Begin by installing this package through Composer. Run this command from the Terminal:

composer require aloha/twilio

If you're using Laravel 5.5+, this is all there is to do.

Should you still be on older versions of Laravel, the final steps for you are to add the service provider of the package and alias the package. To do this open your config/app.php file.

Integration for older versions of Laravel (5.5 -)

To wire this up in your Laravel project, you need to add the service provider. Open app.php, and add a new item to the providers array.

'Aloha\Twilio\Support\Laravel\ServiceProvider',

This will register two new artisan commands for you:

  • twilio:sms
  • twilio:call

And make these objects resolvable from the IoC container:

  • Aloha\Twilio\Manager (aliased as twilio)
  • Aloha\Twilio\TwilioInterface (resolves a Twilio object, the default connection object created by the Manager).

There's a Facade class available for you, if you like. In your app.php config file add the following line to the aliases array if you want to use a short class name:

'Twilio' => 'Aloha\Twilio\Support\Laravel\Facade',

In Laravel 4 you can publish the default config file to app/config/packages/aloha/twilio/config.php with the artisan command config:publish aloha/twilio.

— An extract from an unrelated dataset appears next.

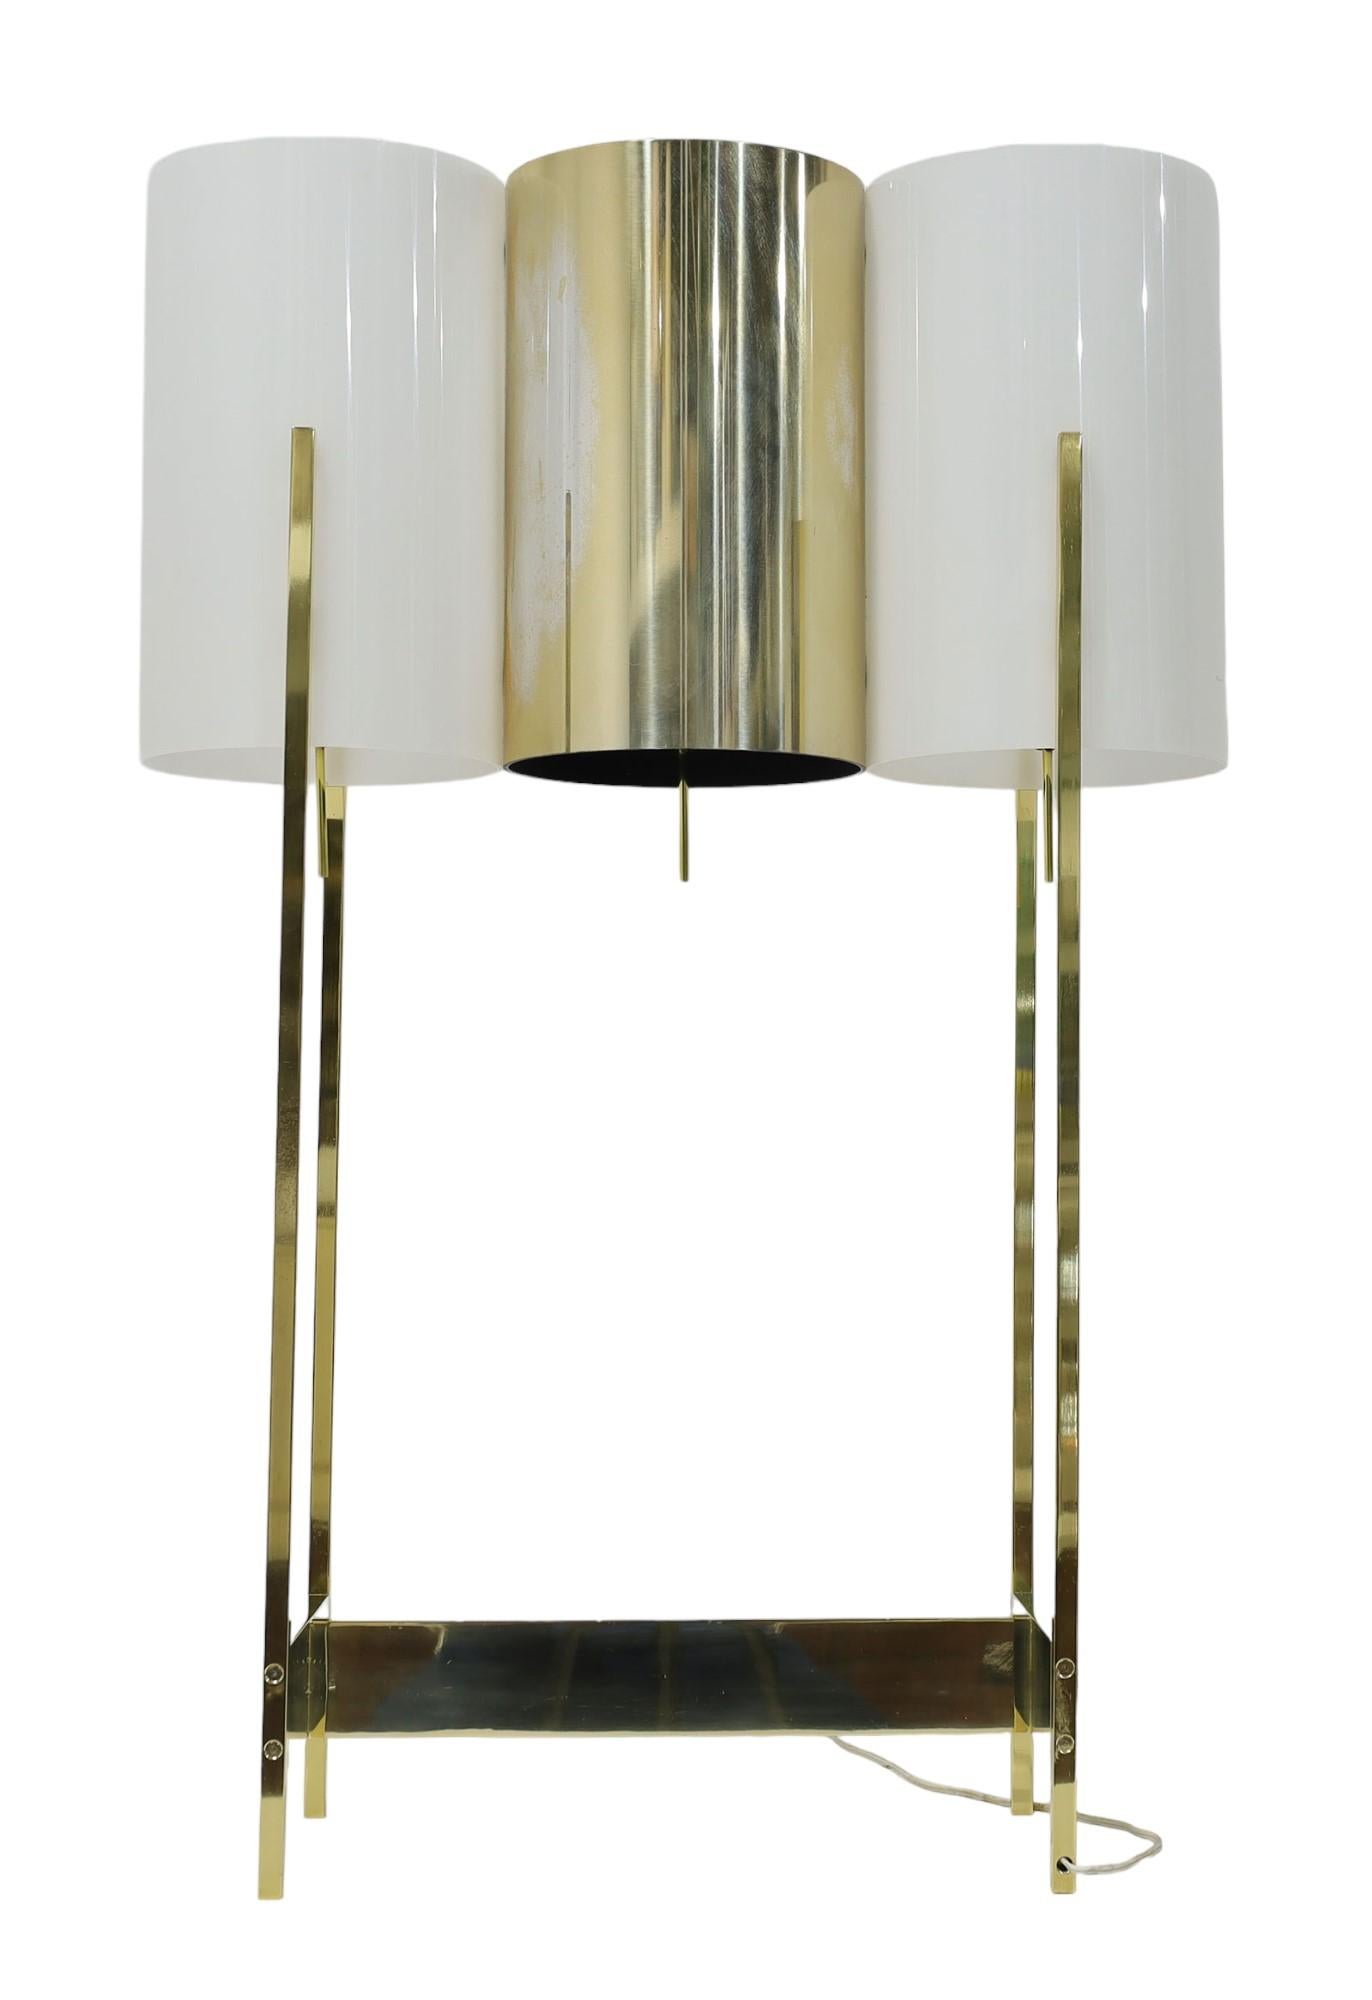 Très rare et étonnante paire de lampes de table en laiton et lucite de Paul Mayen. Chaque lampe est composée de trois cylindres, deux en lucite et un en laiton. Interrupteurs marche/arrêt indépendants pour chaque cylindre. Ils sont très grands

In Laravel 5 you can publish the default config file to config/twilio.php with the artisan command vendor:publish --tag=config. Or to ensure you publish only this package's tag use

php artisan vendor:publish --tag=config --provider=Aloha\Twilio\Support\Laravel\ServiceProvider

Facade

The facade has the exact same methods as the Aloha\Twilio\TwilioInterface. First, include the Facade class at the top of your file:

use Twilio;

To send a message using the default entry from your twilio config file:

Twilio::message($user->phone, $message);

One extra feature is that you can define which settings (and which sender phone number) to use:

Twilio::from('call_center')->message($user->phone, $message);
Twilio::from('board_room')->message($boss->phone, 'Hi there boss!');

Define multiple entries in your twilio config file to make use of this feature.

Usage

Creating a Twilio object. This object implements the Aloha\Twilio\TwilioInterface.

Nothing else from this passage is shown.